The result should be the listing below restated word for word, with images left out.
START DATA EXTRACT
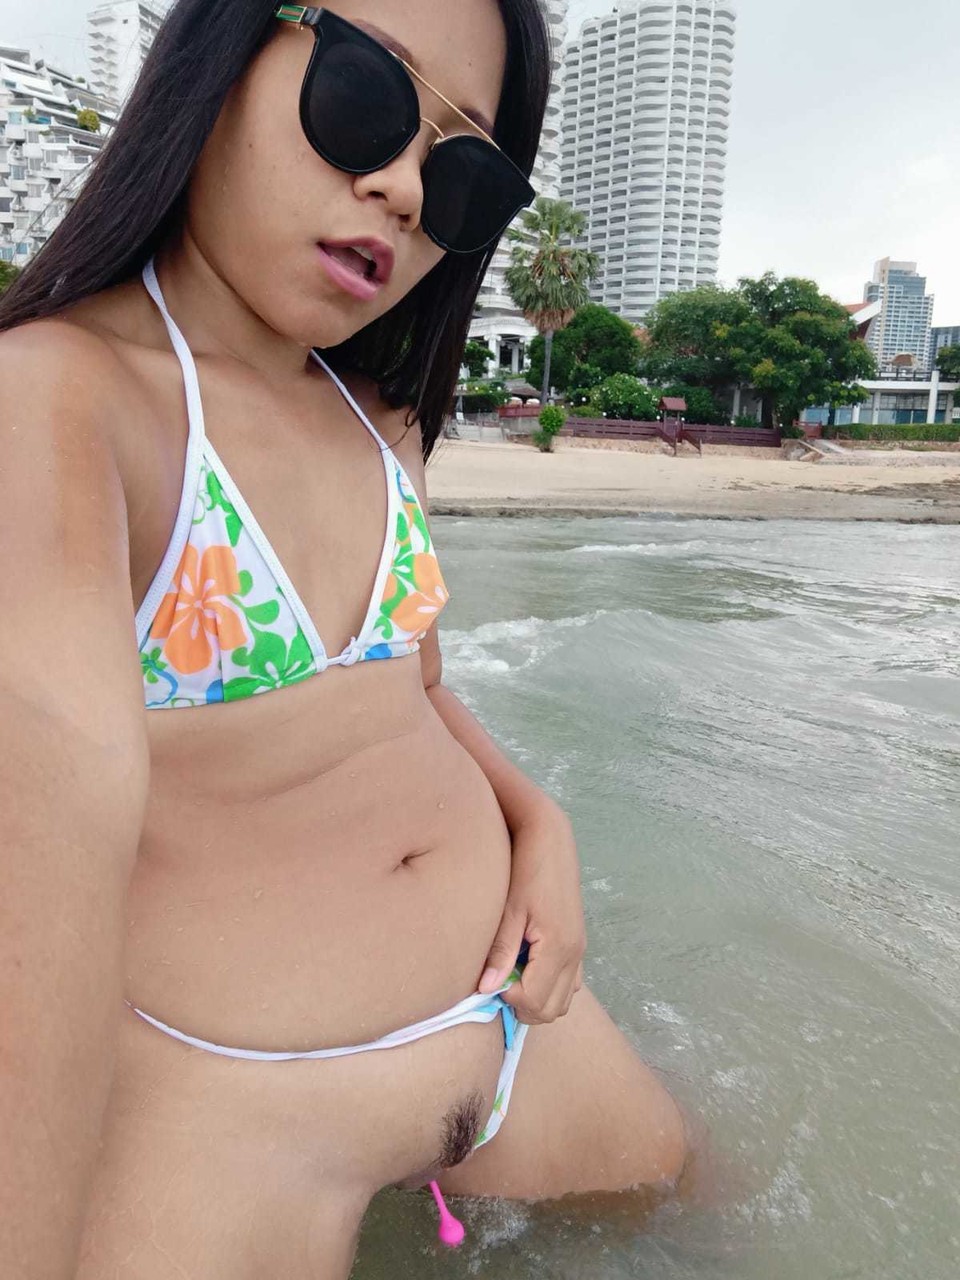 Gorgeous Asian amateur Kiki Asia shows her hot ass in a bikini at the beach foto porno #425545190 | TukTuk Thailand Pics, Kiki Asia, Thai, porno mobile
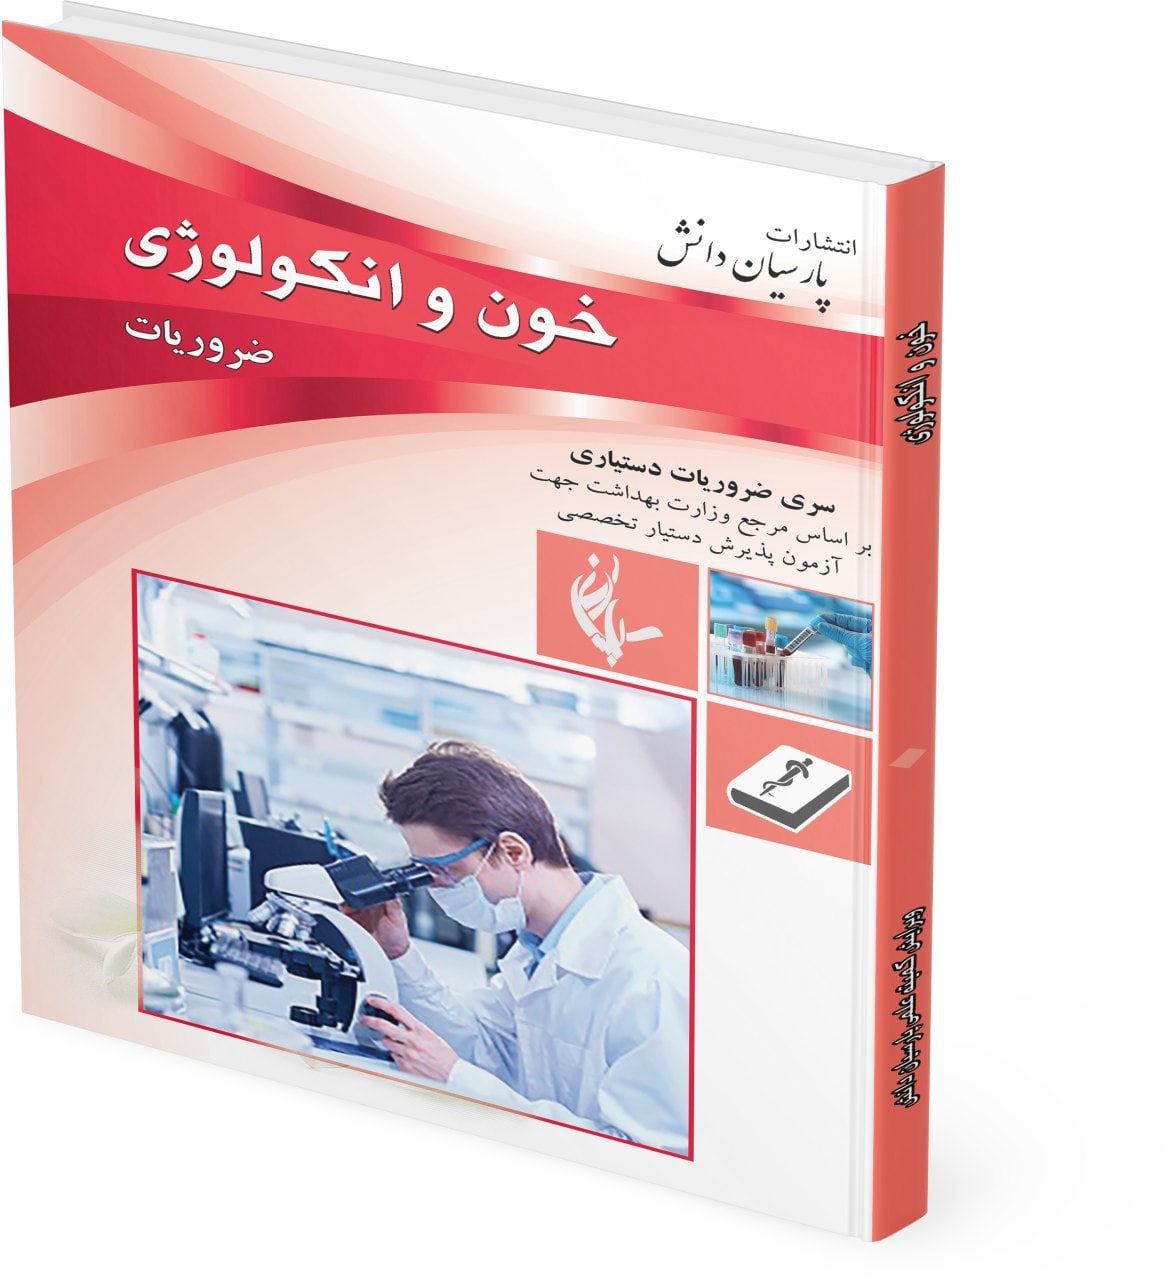 طراحی جلد کتاب ضروریات خون و انکولوژی پارسیان دانش
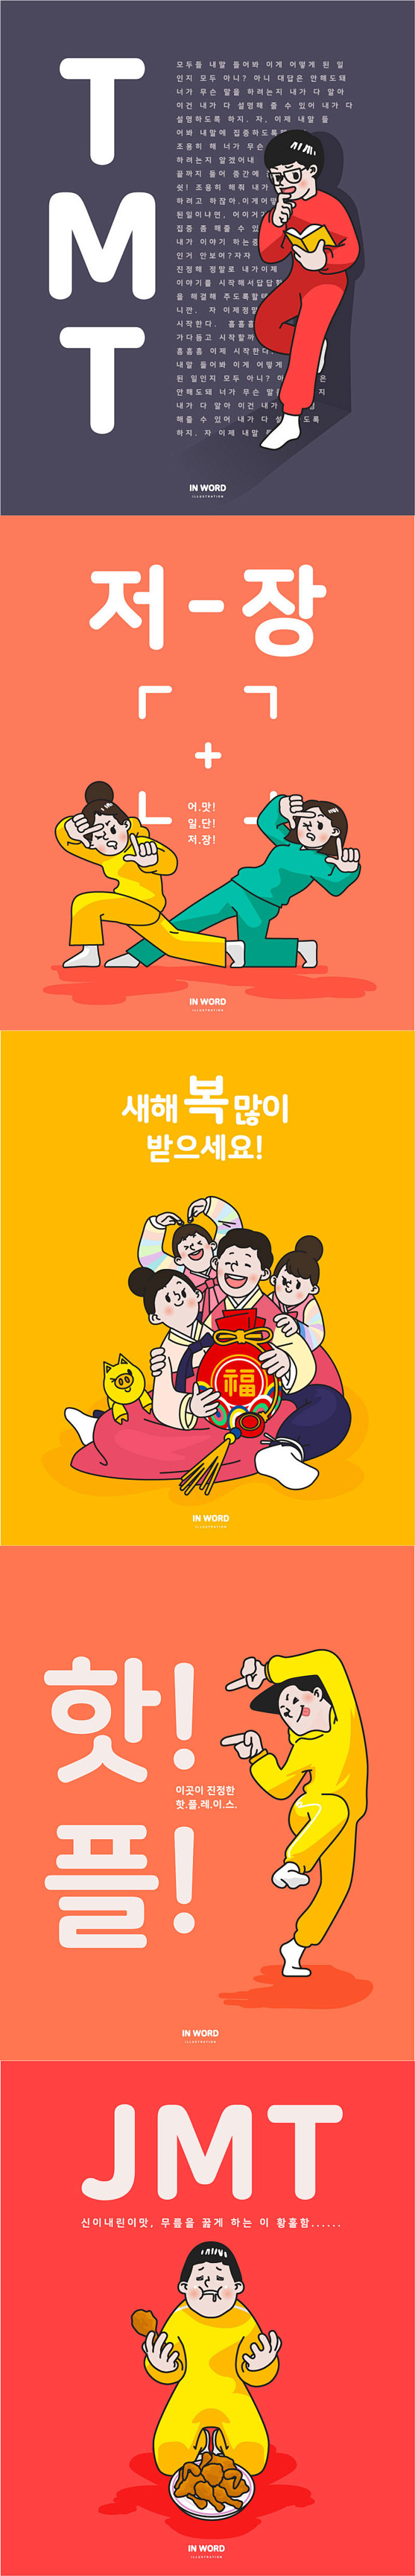 62807韩国风可爱夸张卡通人物购物娱乐...
END DATA EXTRACT
■ **ANSWER AREA**
 Gorgeous Asian amateur Kiki Asia shows her hot ass in a bikini at the beach foto porno #425545190 | TukTuk Thailand Pics, Kiki Asia, Thai, porno mobile
 طراحی جلد کتاب ضروریات خون و انکولوژی پارسیان دانش
 62807韩国风可爱夸张卡通人物购物娱乐...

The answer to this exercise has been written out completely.